▶ [WORK INSTRUCTION]:
Reproduce exactly the line with "Lauren Stanton announces" and every line that follows it below, up to and including the last one. Do not include pictures or anything else.

▶ [GIVEN INFORMATION]:
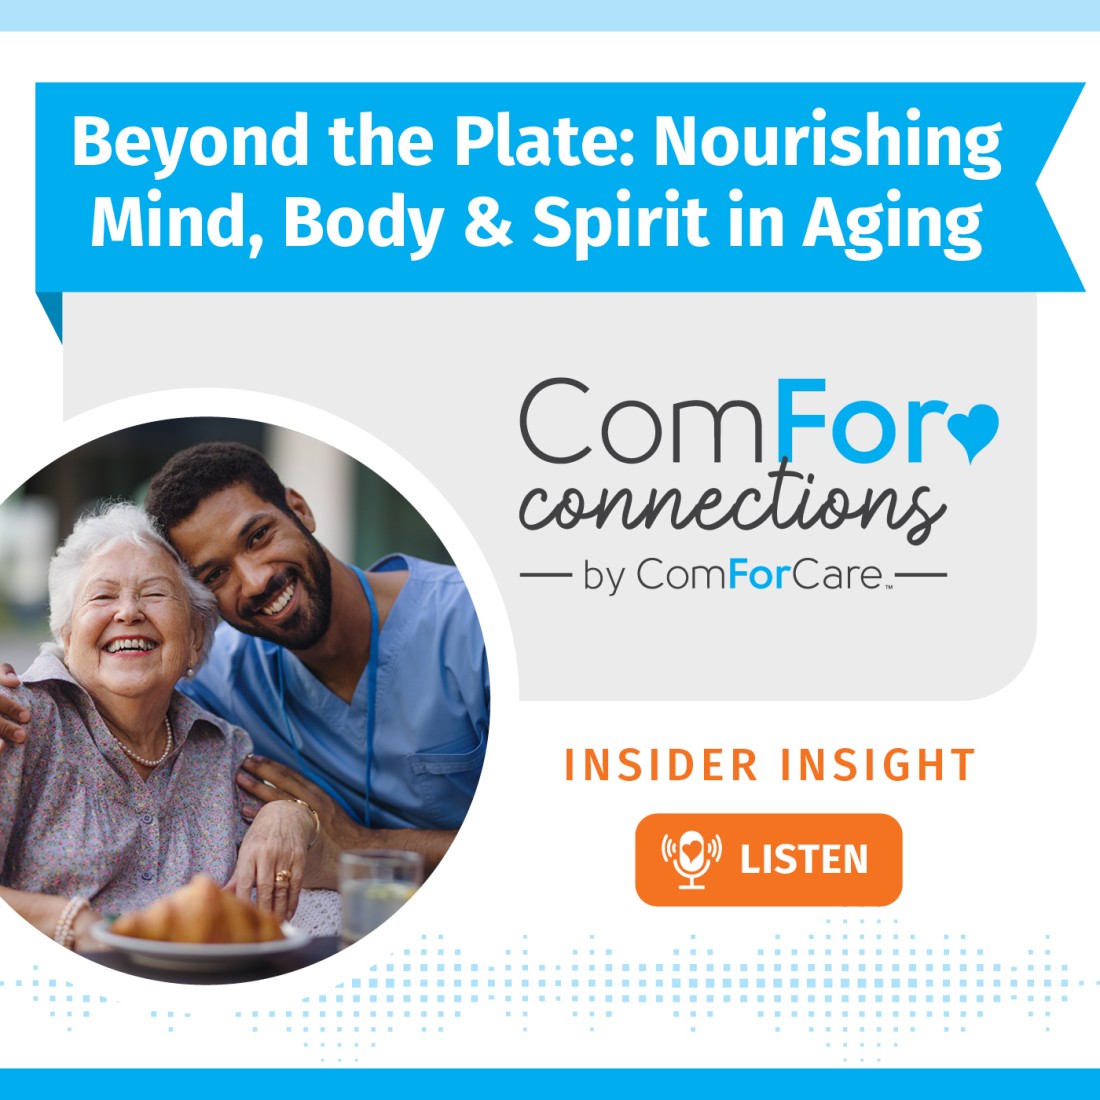 Home Care Podcast | Home Care Resources | ComForCare - Social_Media_Graphic__Beyond_the_Plate_Nourishing_Mind%2C_Body_%26_Spirit_in_Aging
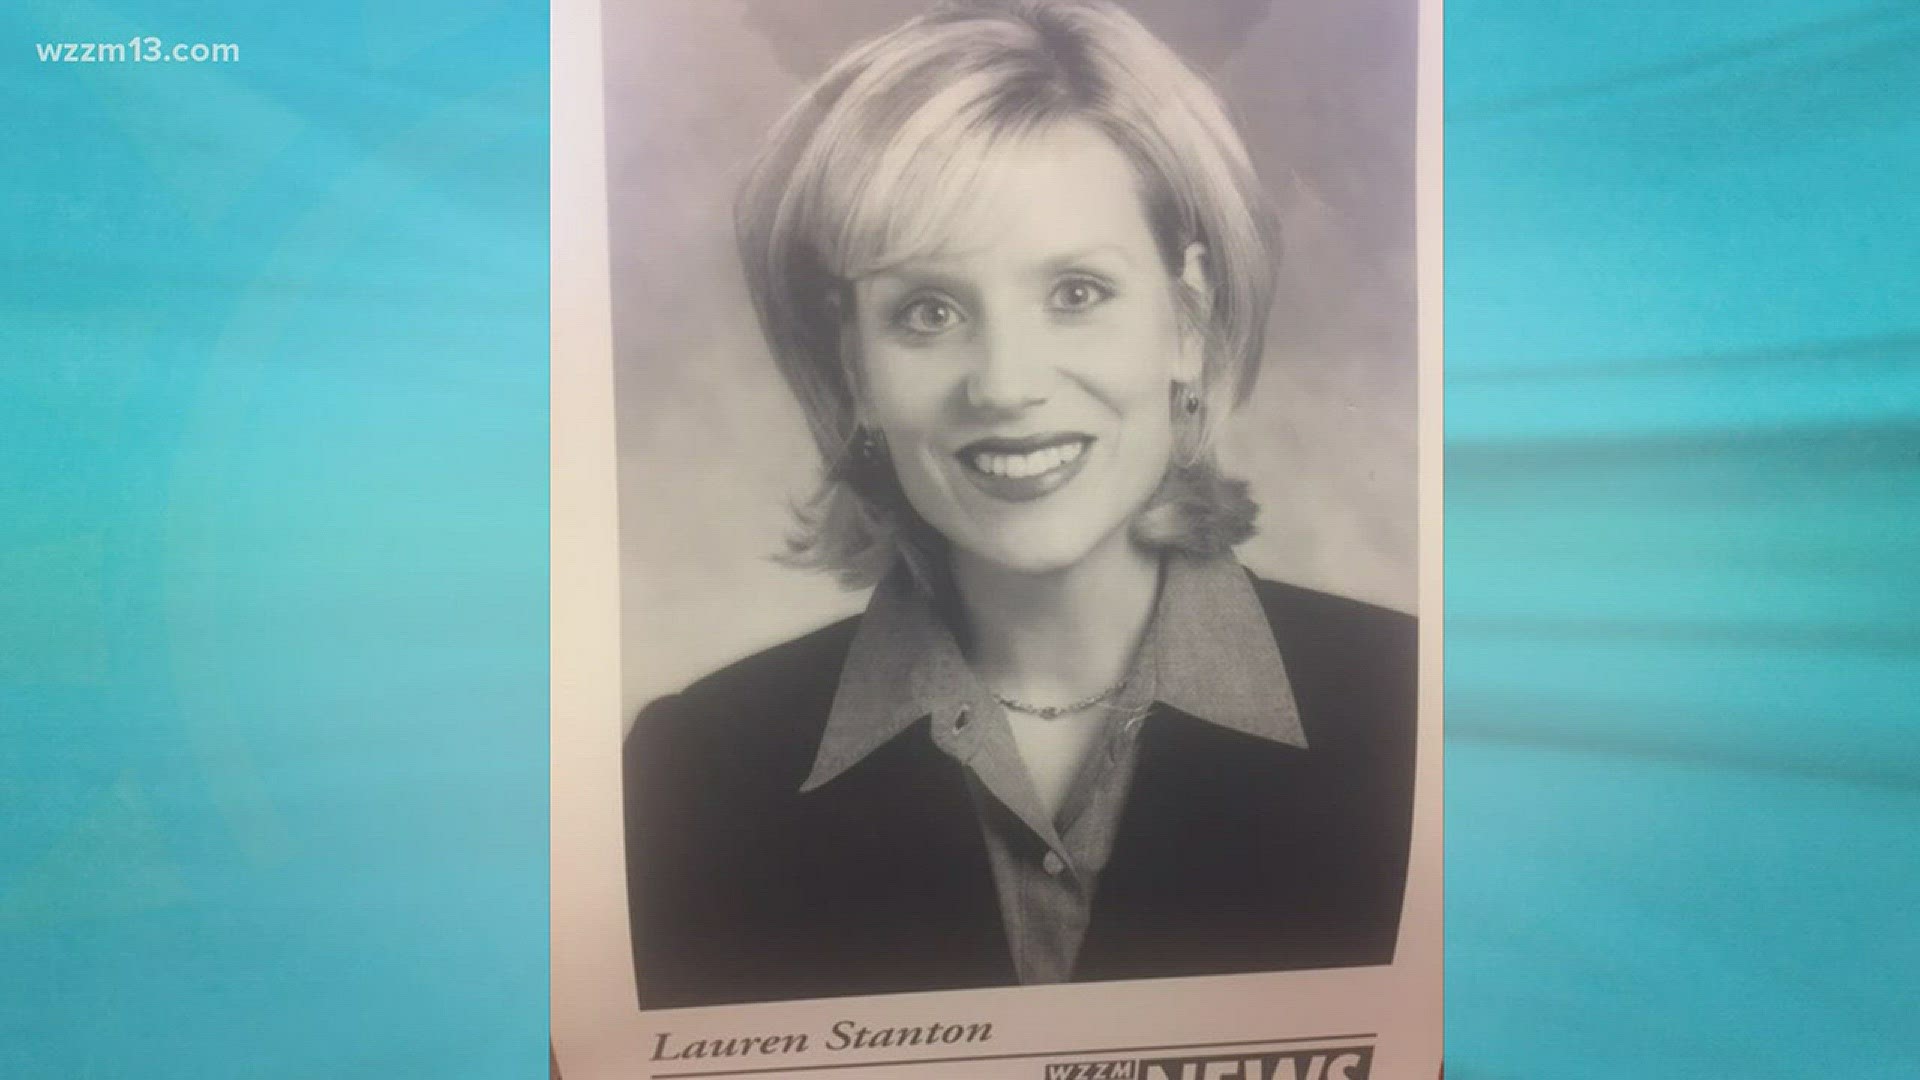 Lauren Stanton announces she's leaving WZZM 13 after 18 years
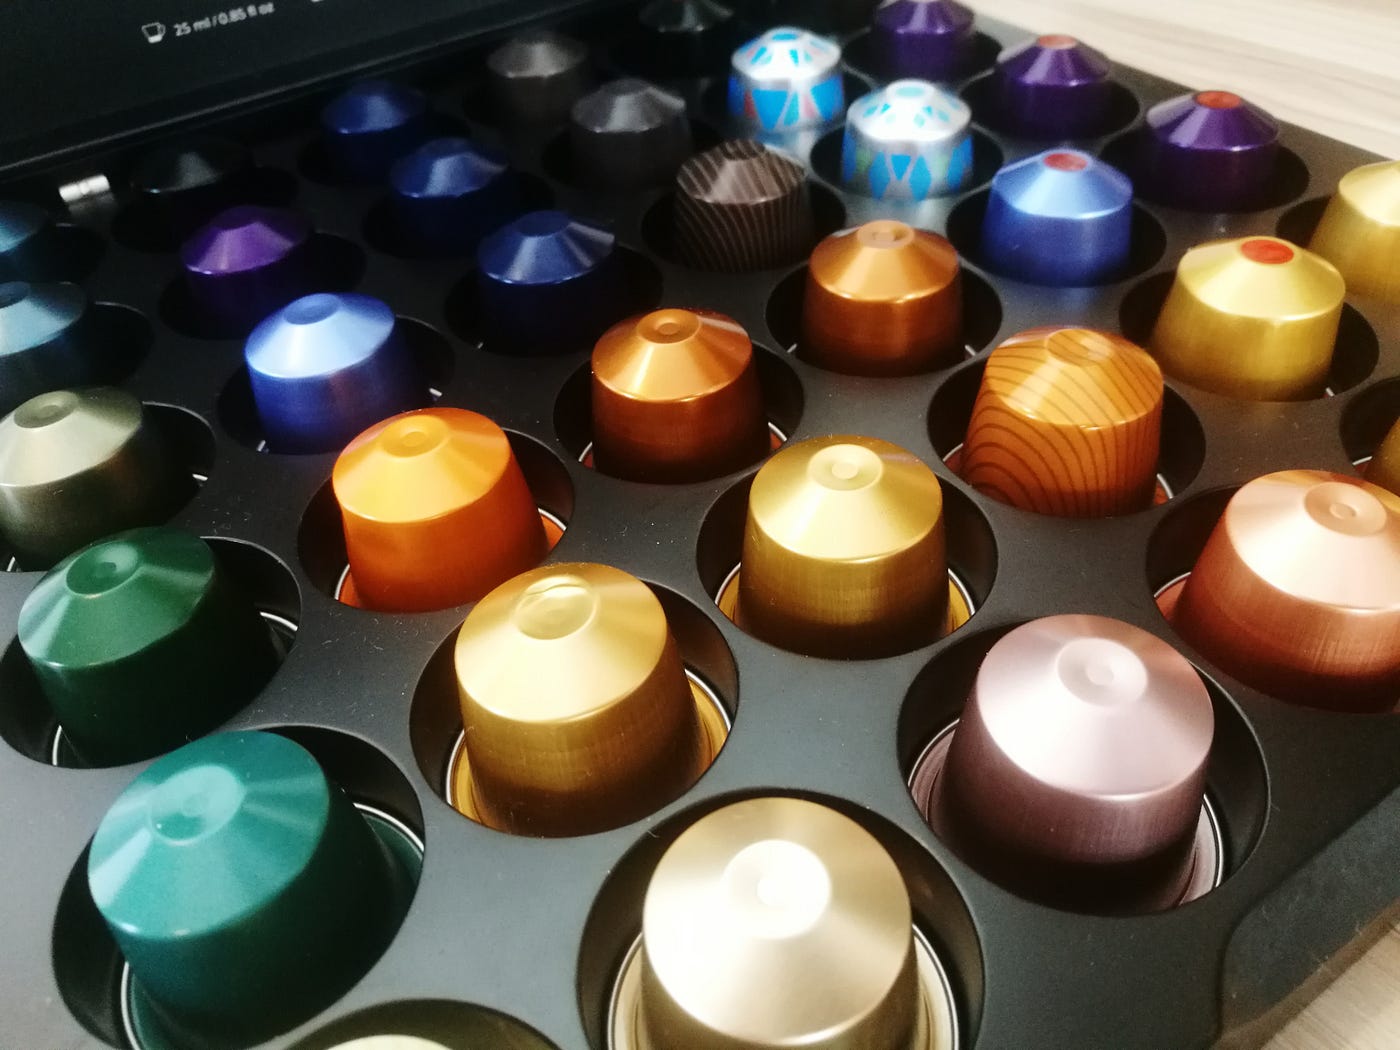 A guide to the best Nespresso capsules, by Gianluca Fiore
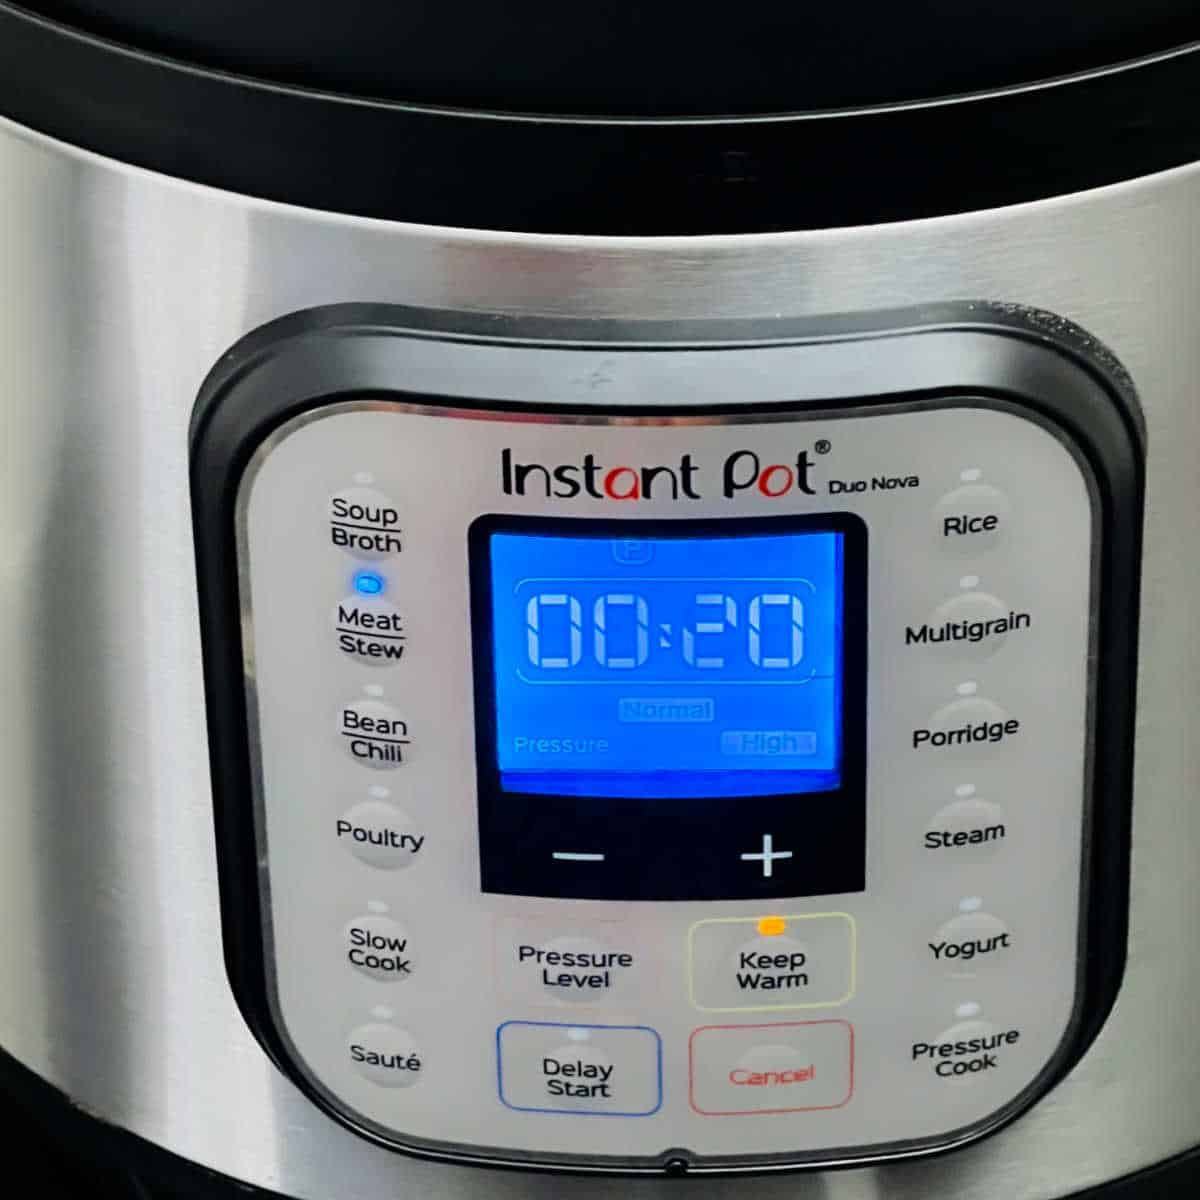 Step showing the Instant Pot cooking time.

▶ [FINISHED TASK]:
 Lauren Stanton announces she's leaving WZZM 13 after 18 years
 A guide to the best Nespresso capsules, by Gianluca Fiore
 Step showing the Instant Pot cooking time.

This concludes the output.